MATERIAL SUPPLIED
• • • • • • •

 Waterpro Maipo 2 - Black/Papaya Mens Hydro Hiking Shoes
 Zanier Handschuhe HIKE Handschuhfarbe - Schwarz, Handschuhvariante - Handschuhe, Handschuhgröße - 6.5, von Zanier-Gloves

• • • • • • •

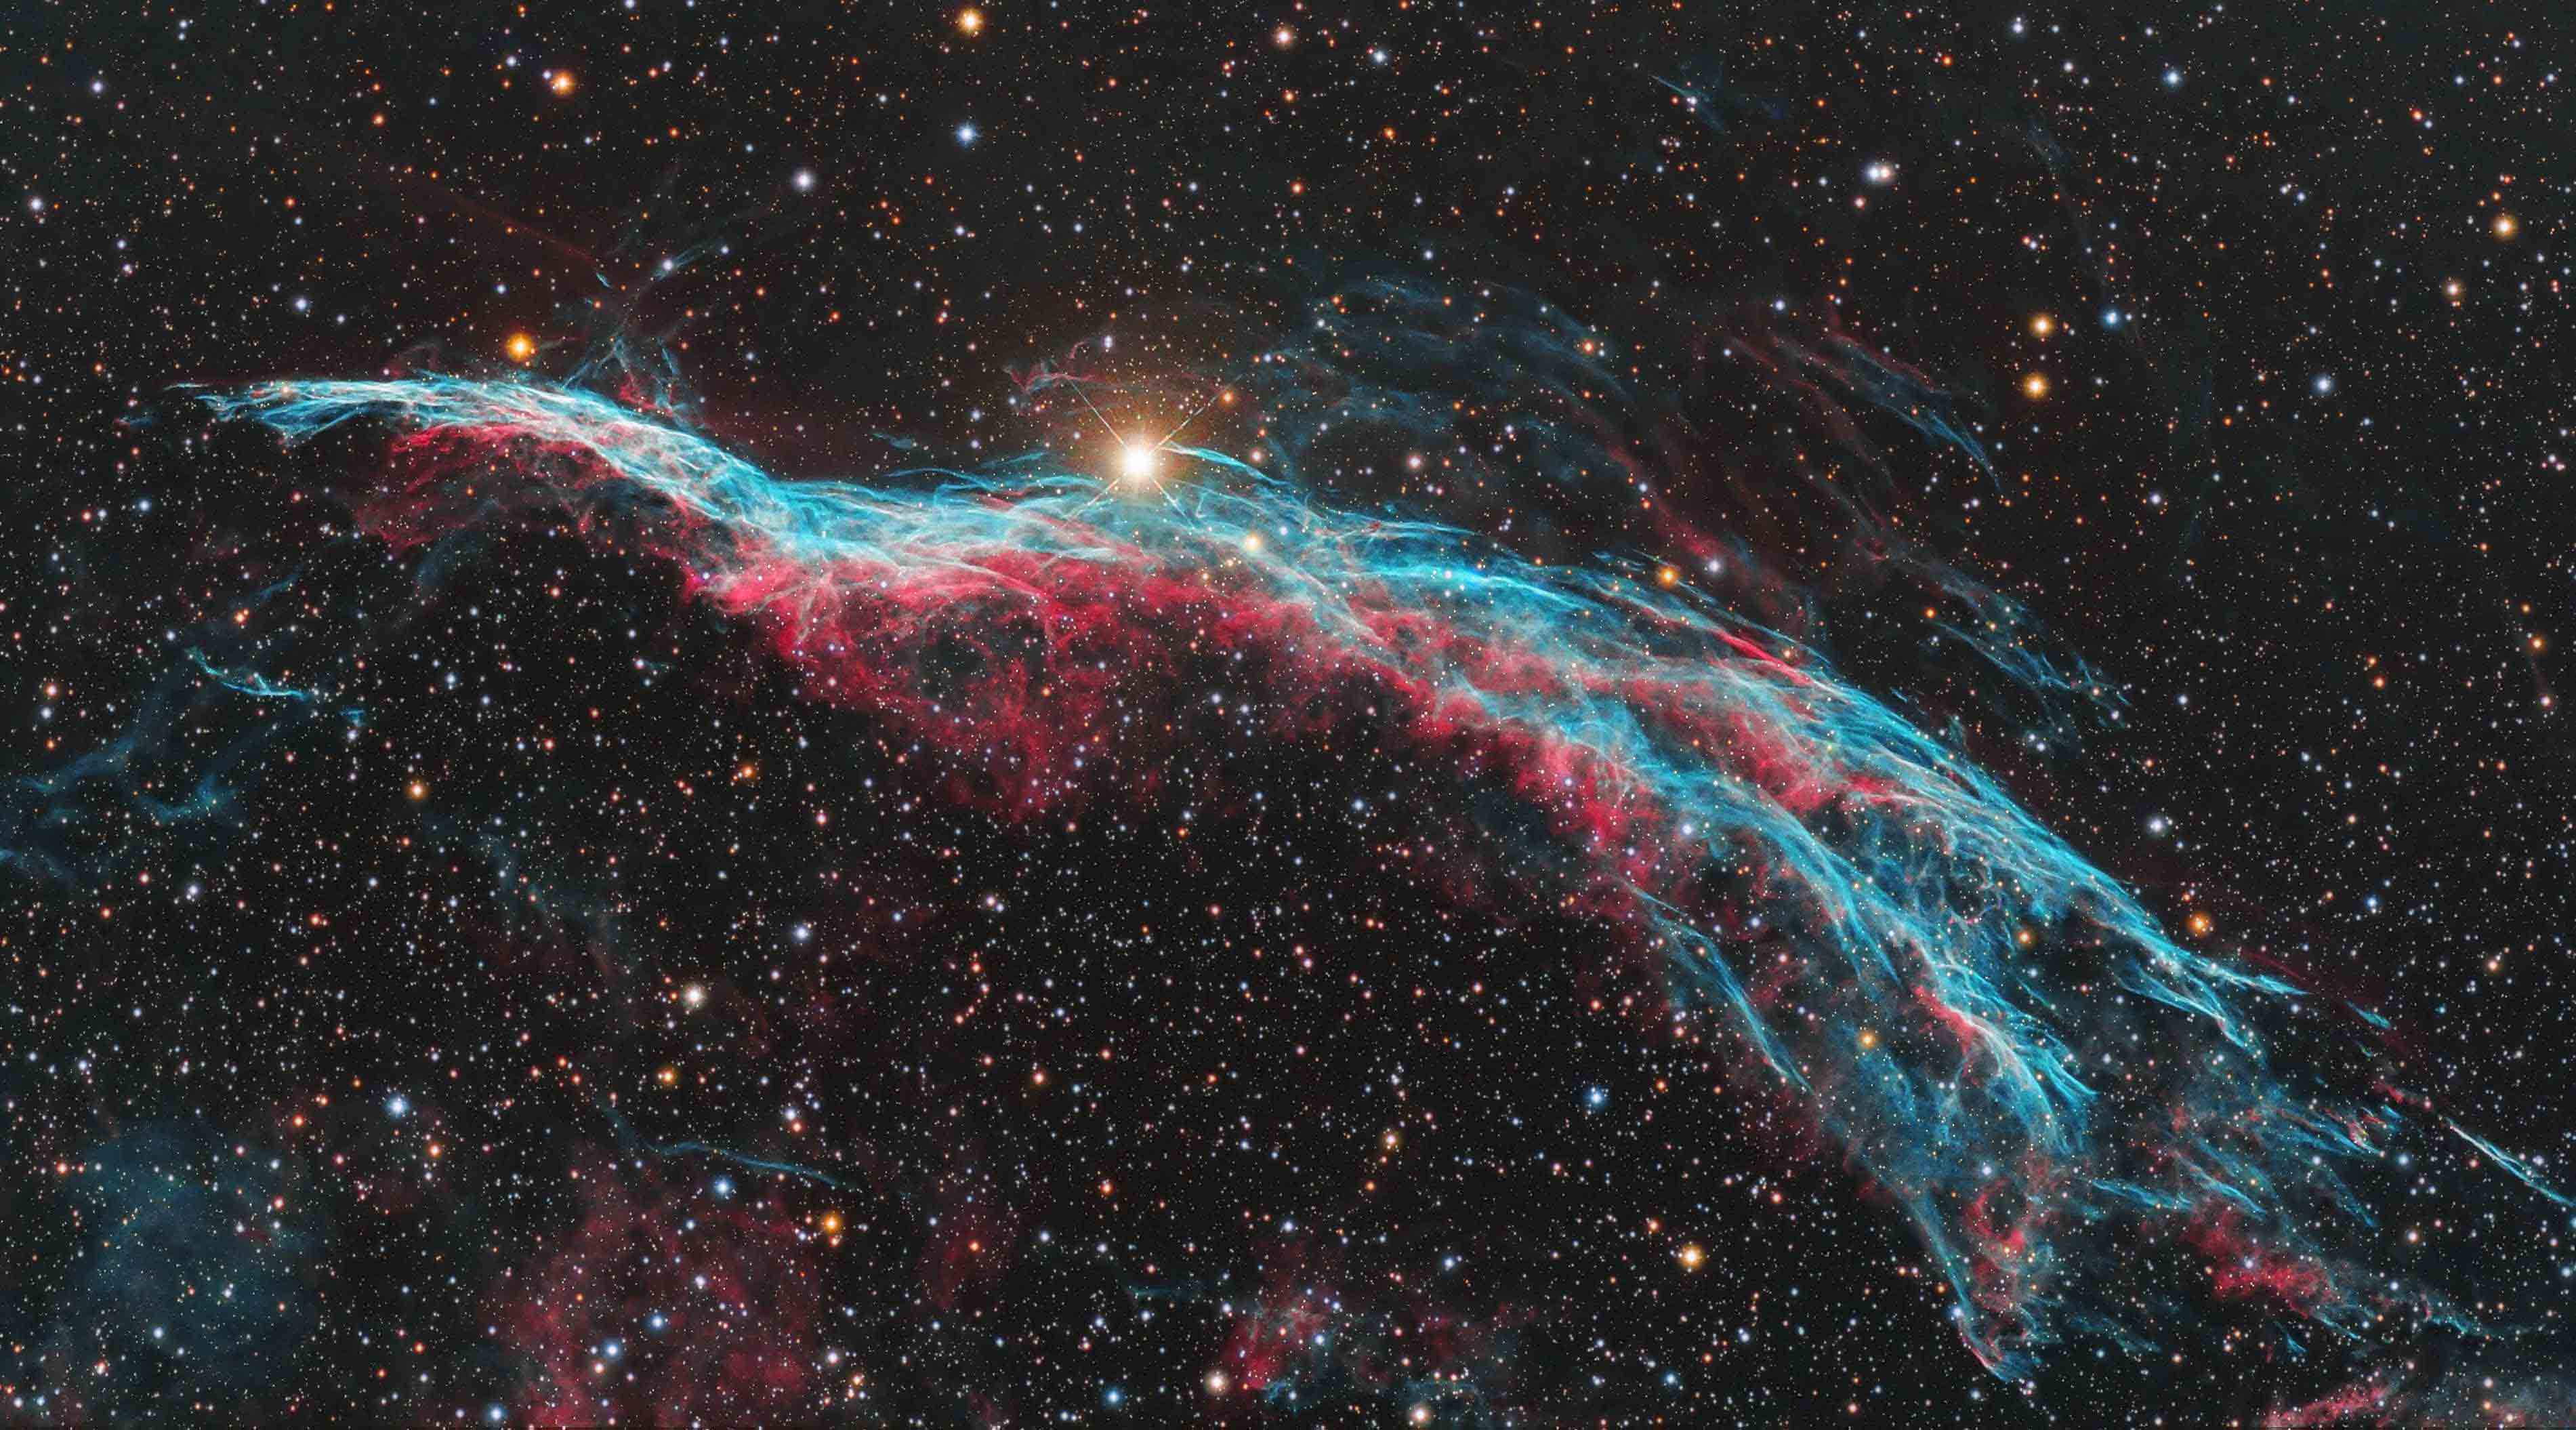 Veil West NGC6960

• • • • • • •

PROBLEM TO SOLVE
Print, from the entries above, the line with "Waterpro Maipo 2", the line with "Zanier Handschuhe HIKE" and all lines between them, exactly and with nothing else.

YOUR RESPONSE
 Waterpro Maipo 2 - Black/Papaya Mens Hydro Hiking Shoes
 Zanier Handschuhe HIKE Handschuhfarbe - Schwarz, Handschuhvariante - Handschuhe, Handschuhgröße - 6.5, von Zanier-Gloves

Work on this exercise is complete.